** Extracted information follows **

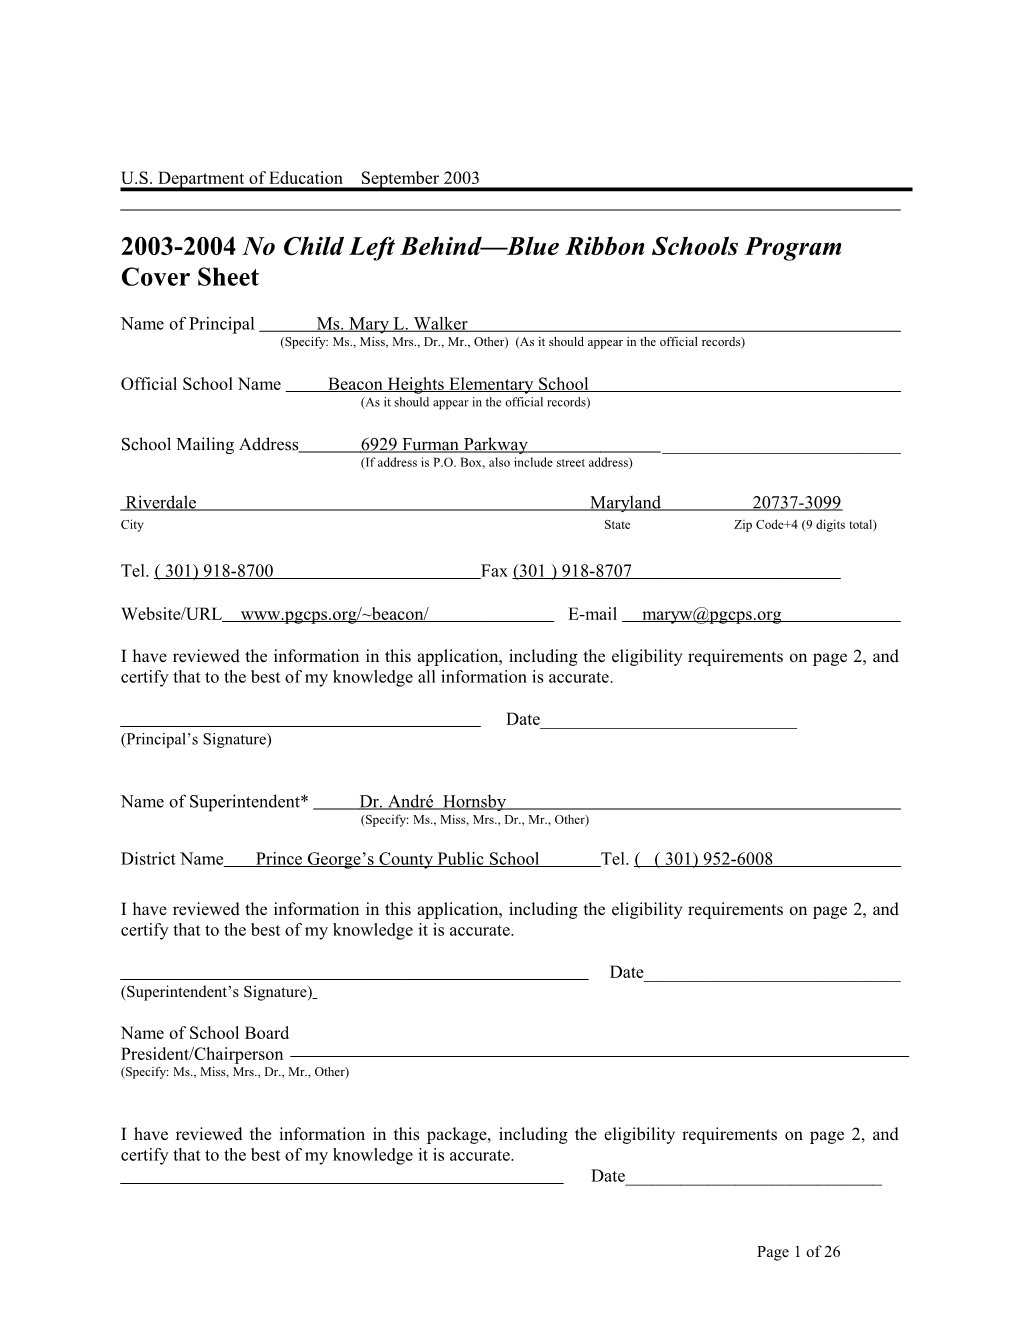 Beacon Heights Elementary School 2004 No Child Left Behind-Blue Ribbon School Application
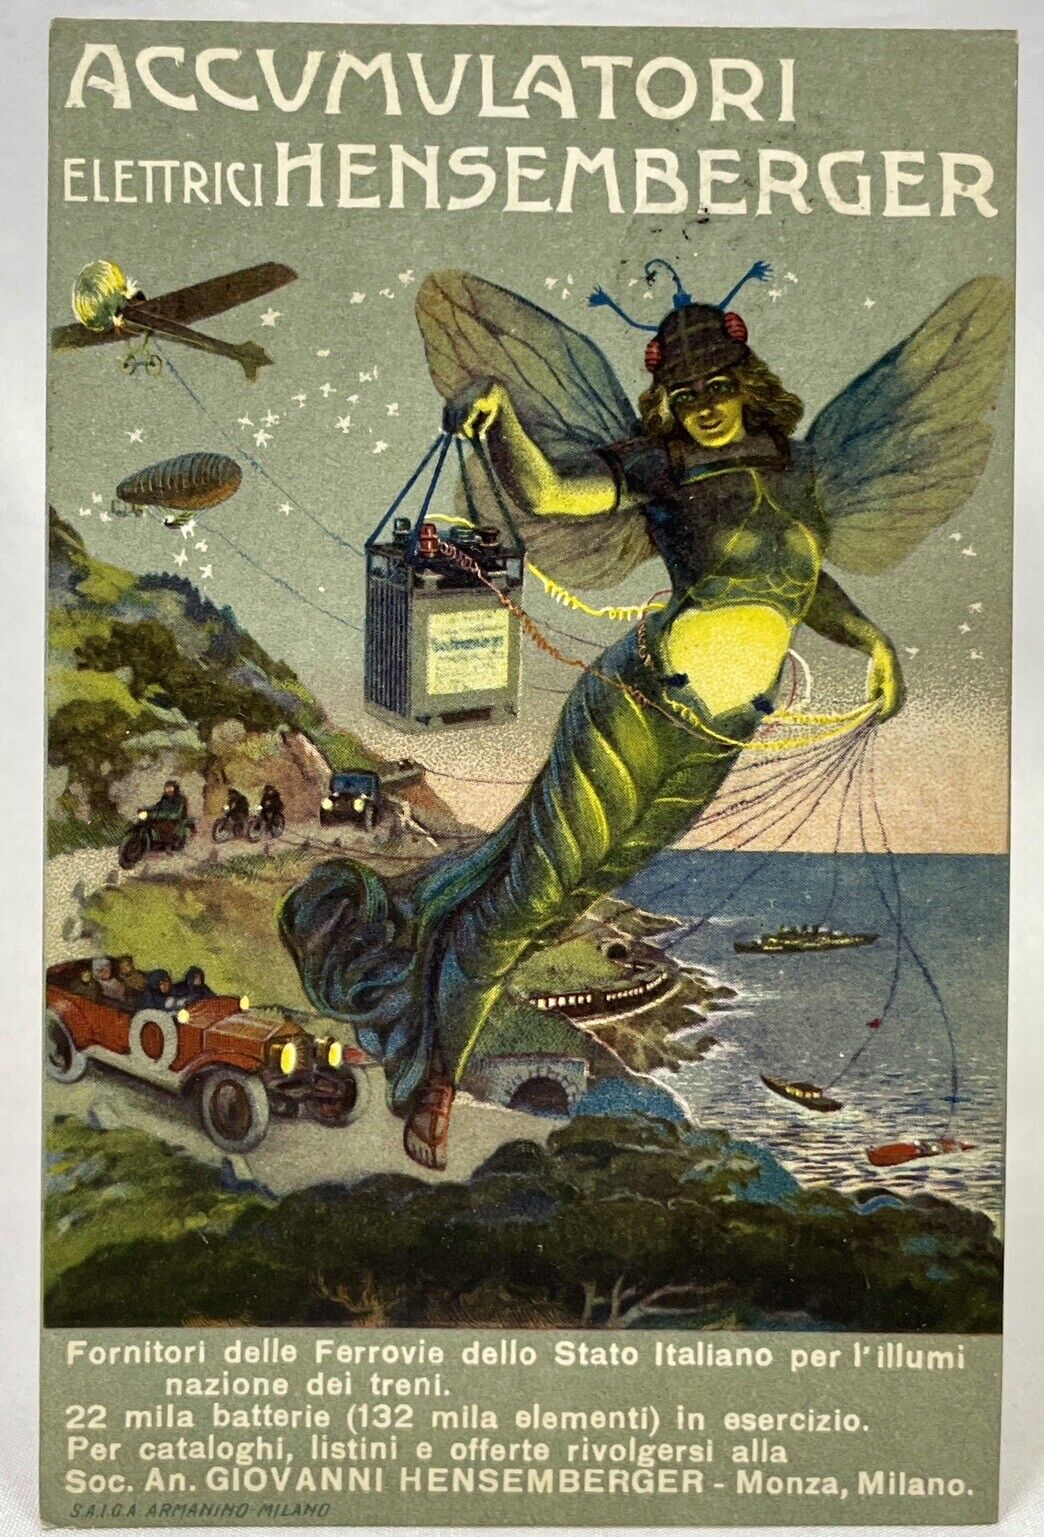 Italian Battery Advert Litho Postcard | Electric Nouveau Fairy | Hensemberger
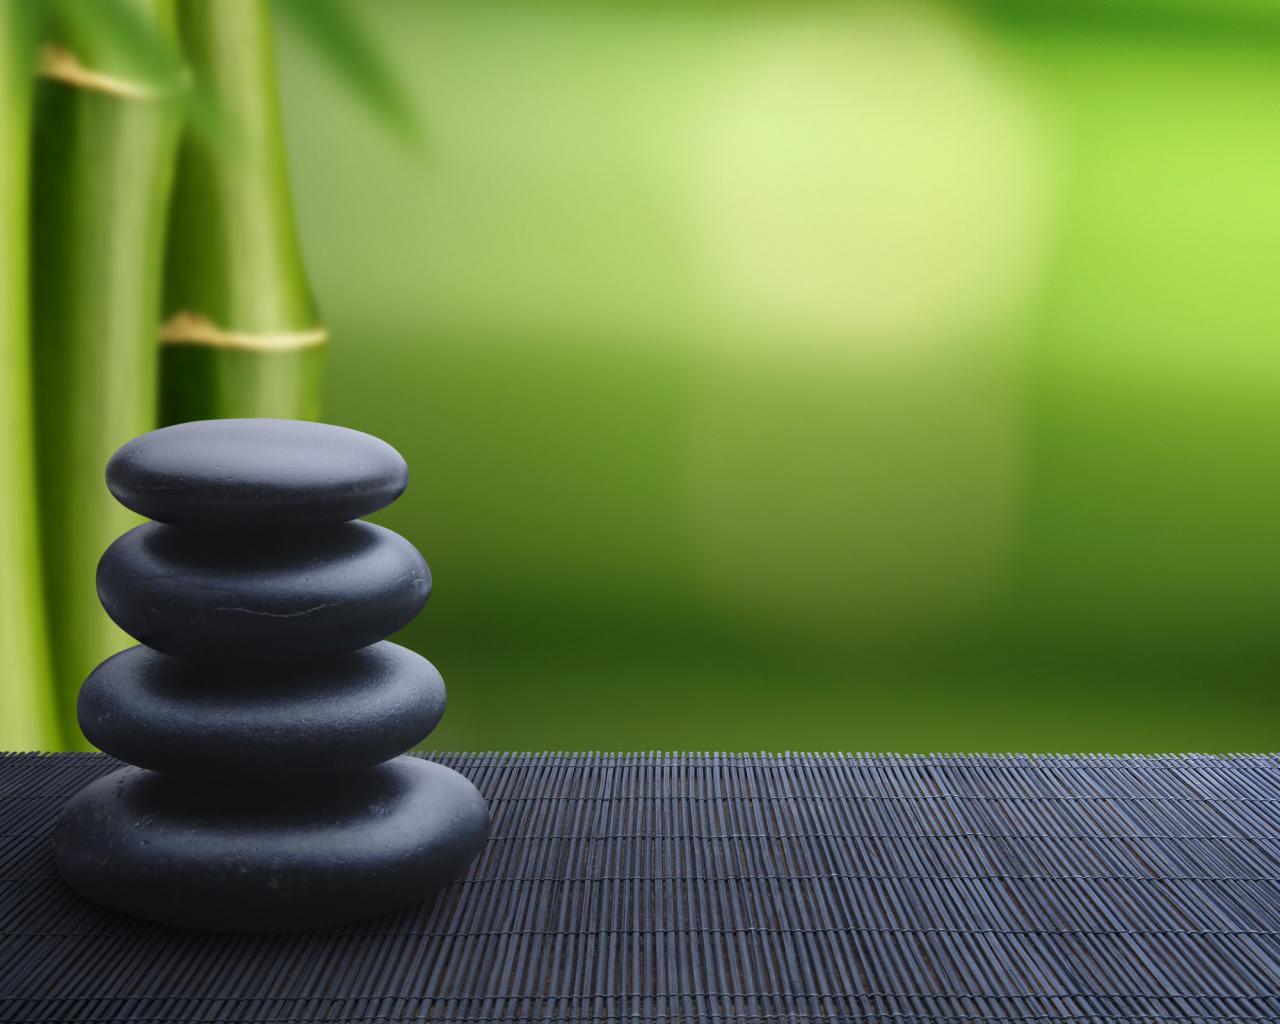 Awakening The Buddha Within Zen Fundamentals Can Change Person S
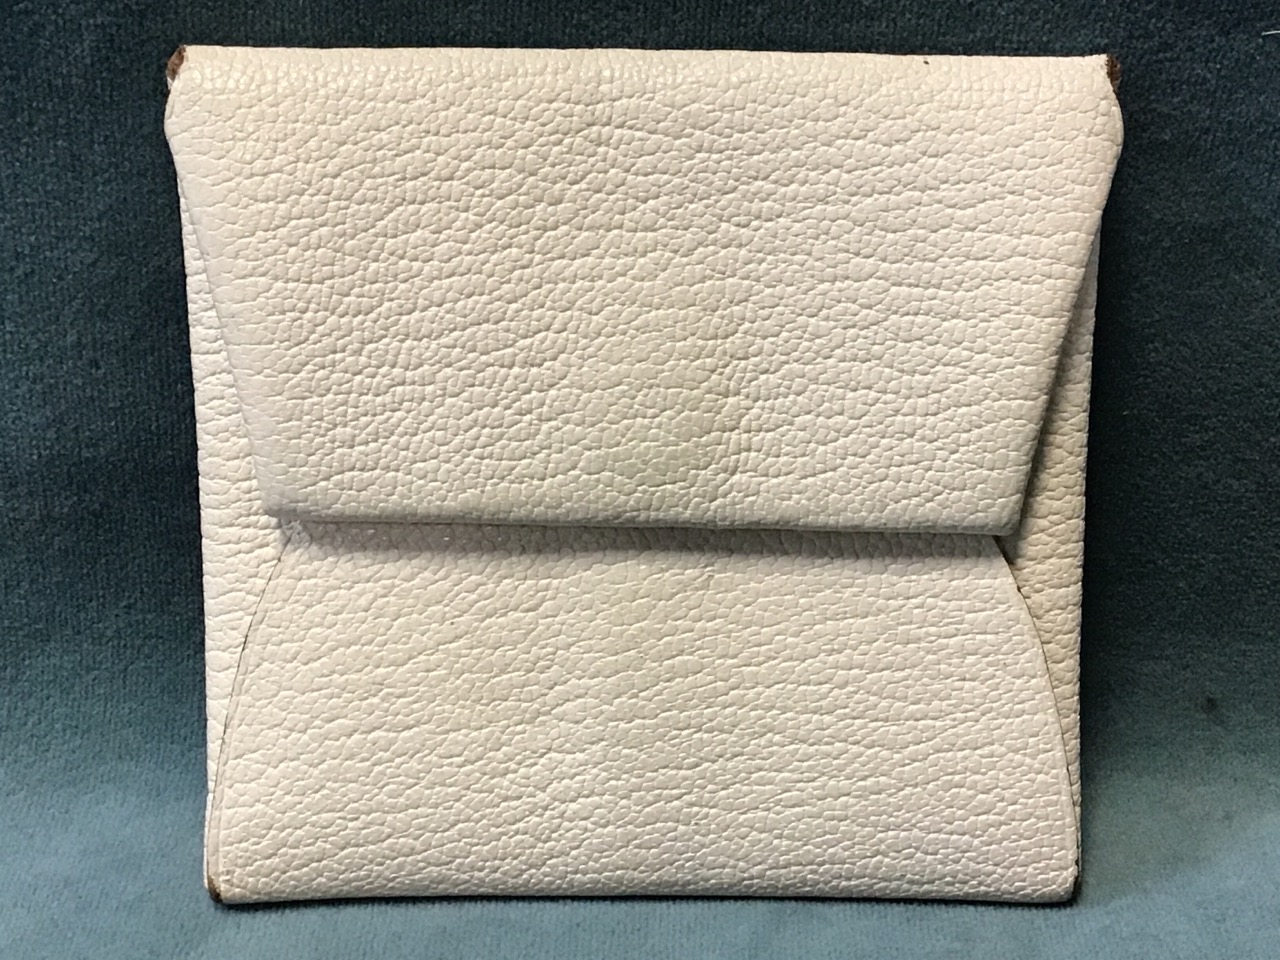 A Hermès white calfskin Bastia envelope style coin purse with snap closure.
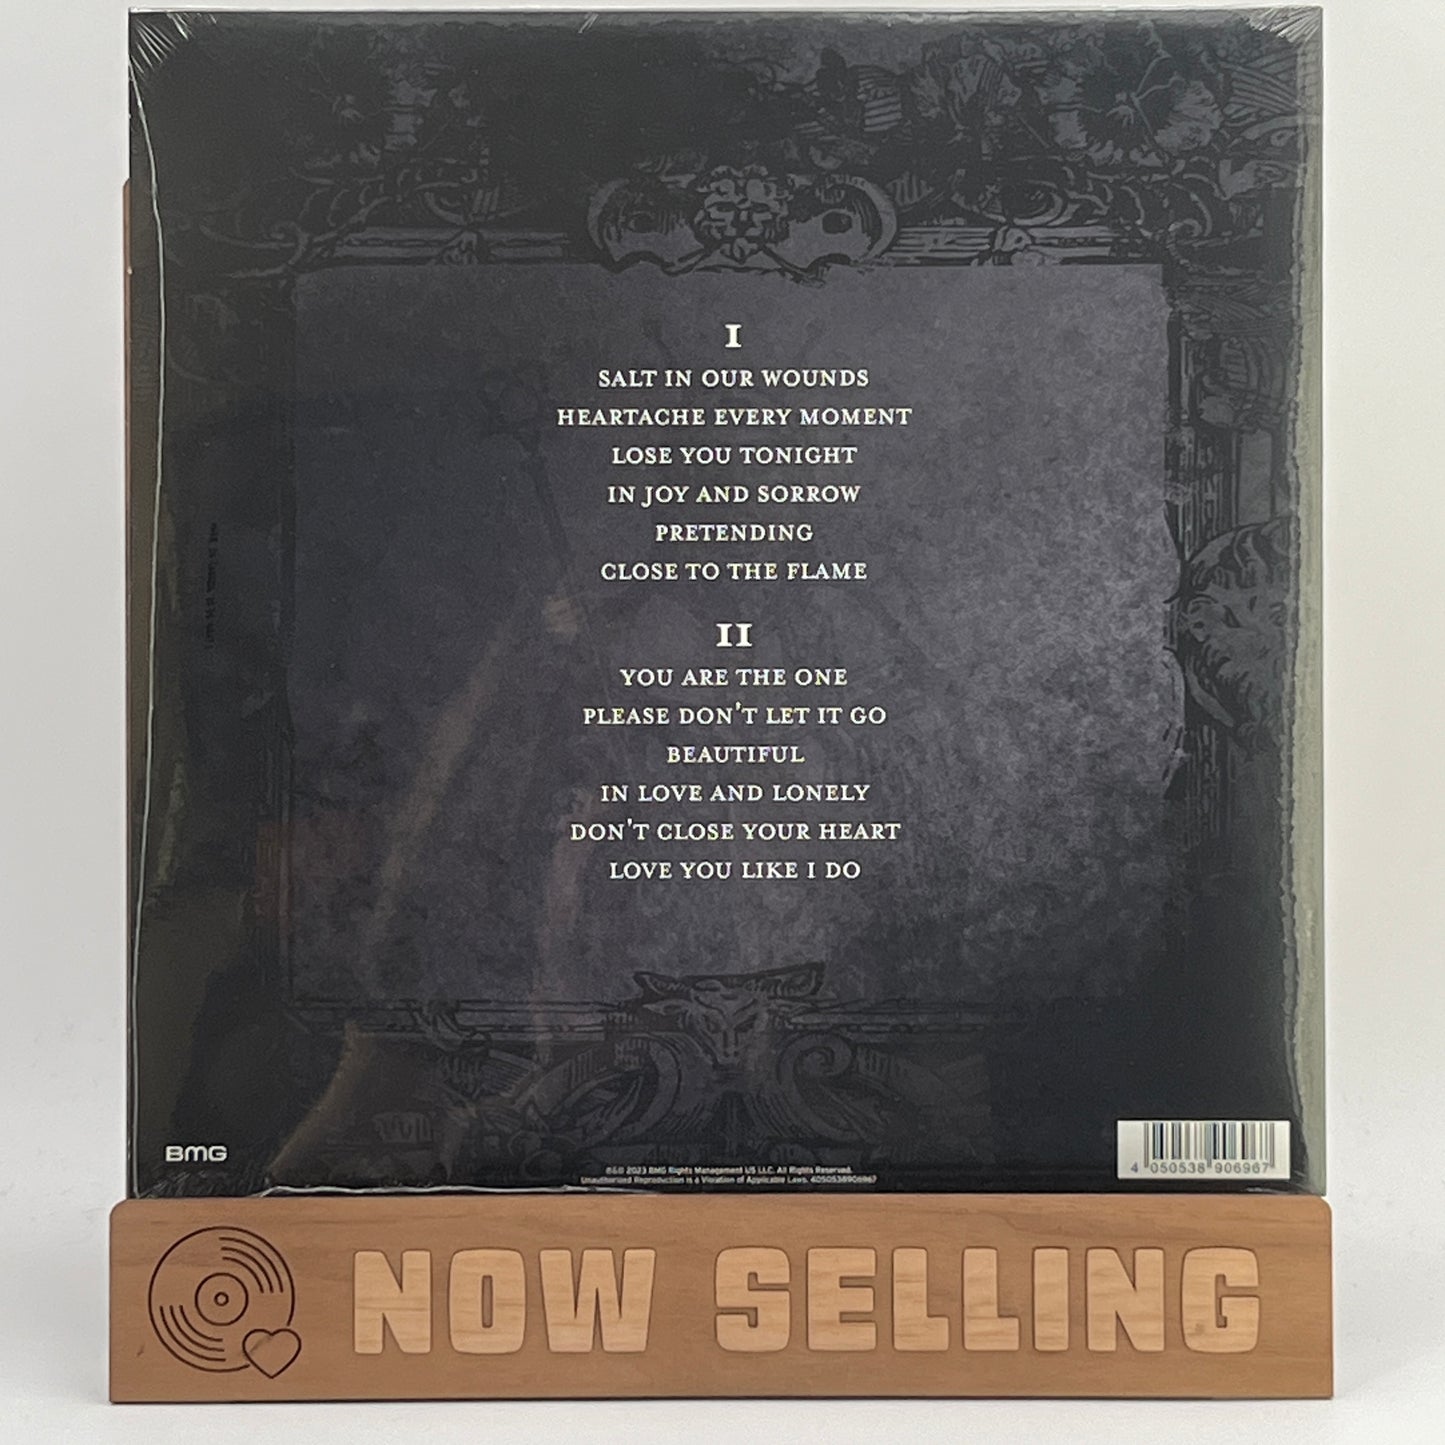 HIM - Deep Shadows And Brilliant Highlights Vinyl LP SEALED Gray Marbled Reissue

** End of Extracted information **

(What to work on):
Would you please write out exactly the lines between the line containing "Awakening The Buddha" and the last line of the listing above, inclusive, without pictures?

(Solution for this problem):
 Awakening The Buddha Within Zen Fundamentals Can Change Person S
 A Hermès white calfskin Bastia envelope style coin purse with snap closure.
 HIM - Deep Shadows And Brilliant Highlights Vinyl LP SEALED Gray Marbled Reissue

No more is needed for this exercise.